After reading this AC supply to pure Resistor topic of electric or network circuits, you will understand the theory, waveforms, phasor, formula, & also voltage, current, power calculation.
Voltage and Current Relationship
Let us consider a circuit having resitance R supplied by a ac source voltage v(t) as shown in Figure 1 is
v(t) = {V_m}\sin \omega t ….(1)
The current passes throgh resistance R will be
i(t) = \frac{{v(t)}}{R} = \frac{{{V_m}}}{R}\sin \omega t = {I_m}\sin \omega t
Thus,
i(t) = {I_m}\sin \omega t ….(2)
Phasor Diagram
The phasor representation of Equations (1) and (2), is shown in Figure 2, can be written and relate in phasor terms as
{\mathbf{I}} = \frac{{\mathbf{V}}}{R}
or,
{\mathbf{V}} = {\mathbf{I}}R
Equations (1) and (2) shows that both current and voltage are in phase so waveforms will look as shown in Figure 3.
Power calculation
The instantaneous power p(t) is defined by the product of instantaneous voltage v(t) and instantaneous current i(t).
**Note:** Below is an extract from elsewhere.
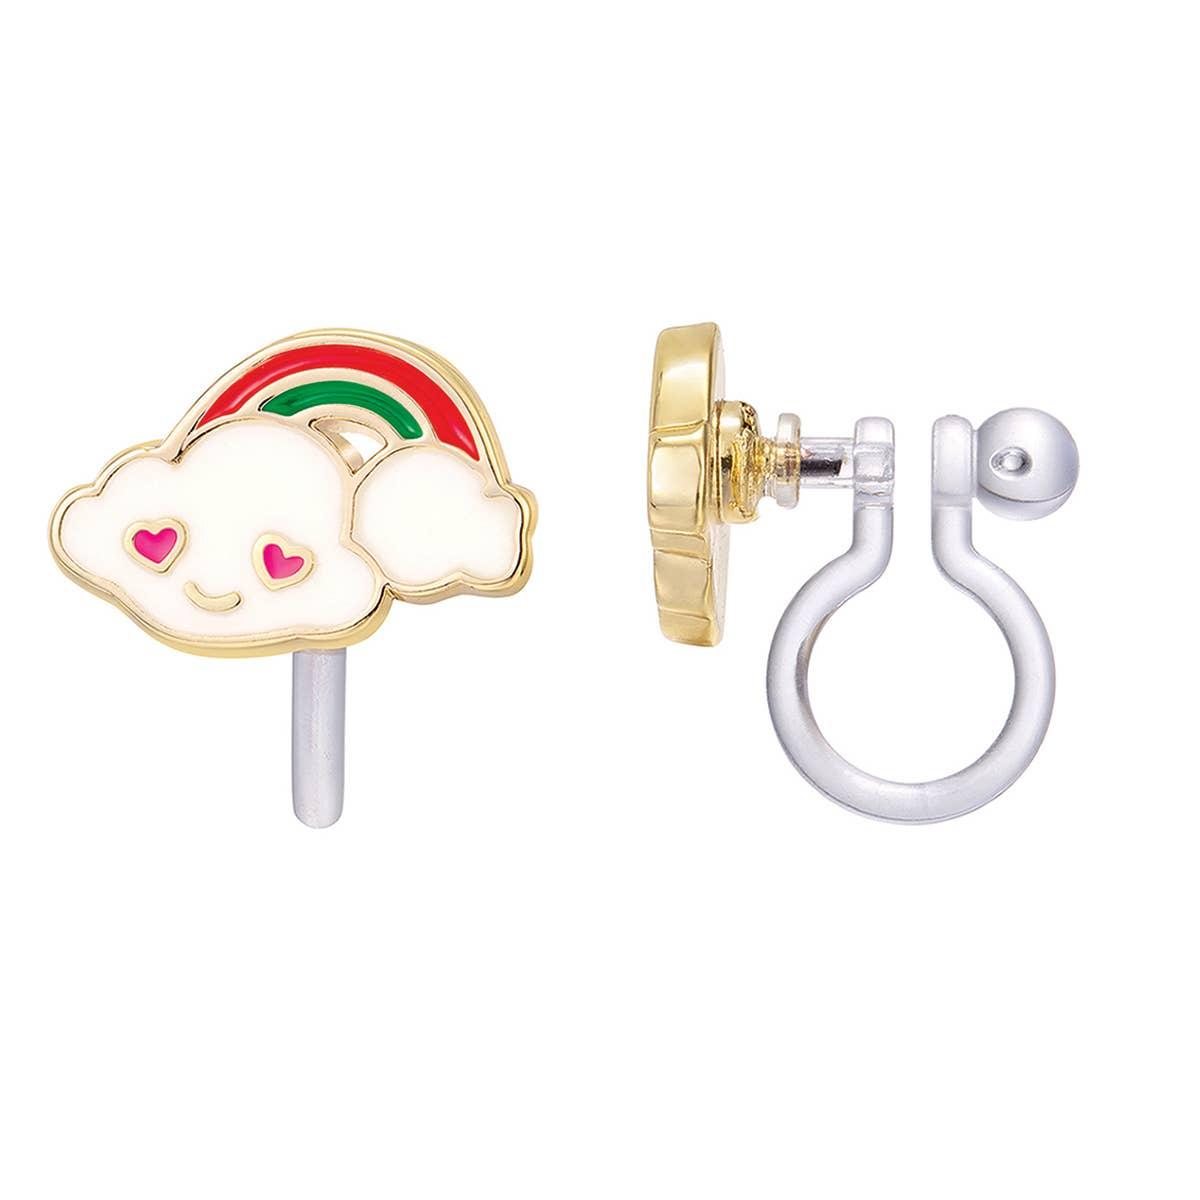 CLIP ON Cutie Earrings- Cloud Luvs Rainbow | Trada Marketplace

The instantaneous power waveform as shown in Figure 3. And according to the definition, instantaneous power p(t) write as
p(t) = v(t)i(t) ….(3)
Using Equation (3), the average power is defined as
{P_{av}} = \frac{1}{T}\int\limits_0^T {p(t)dt}
Also,
{P_{av}} = \frac{1}{T}\int\limits_0^T {v(t)i(t)dt}
= \frac{1}{T}\int\limits_0^T {\left( {{V_m}\sin \omega t} \right)\left( {{I_m}\sin \omega t} \right)dt}
= \frac{{{V_m}{I_m}}}{T}\int\limits_0^T {{{\sin }^2}\omega tdt}
= \frac{{{V_m}{I_m}}}{{2T}}\int\limits_0^T {\left( {1 – \cos 2\omega t} \right)dt}
= \frac{{{V_m}{I_m}}}{2}
= \frac{{{V_m}}}{{\sqrt 2 }}\frac{{{I_m}}}{{\sqrt 2 }}
= {V_{rms}}{I_{rms}}
Thus,
{P_{av}} = {V_{rms}}{I_{rms}}.
Also, Figure 3 shows that the frequency of instantaneous power {f_p} is twice the frequency of instantaneous voltage {f_v} or the frequency of instantaneous current {f_i} as
{f_p} = 2{f_i}{\text{ }}or{\text{ }}2{f_v}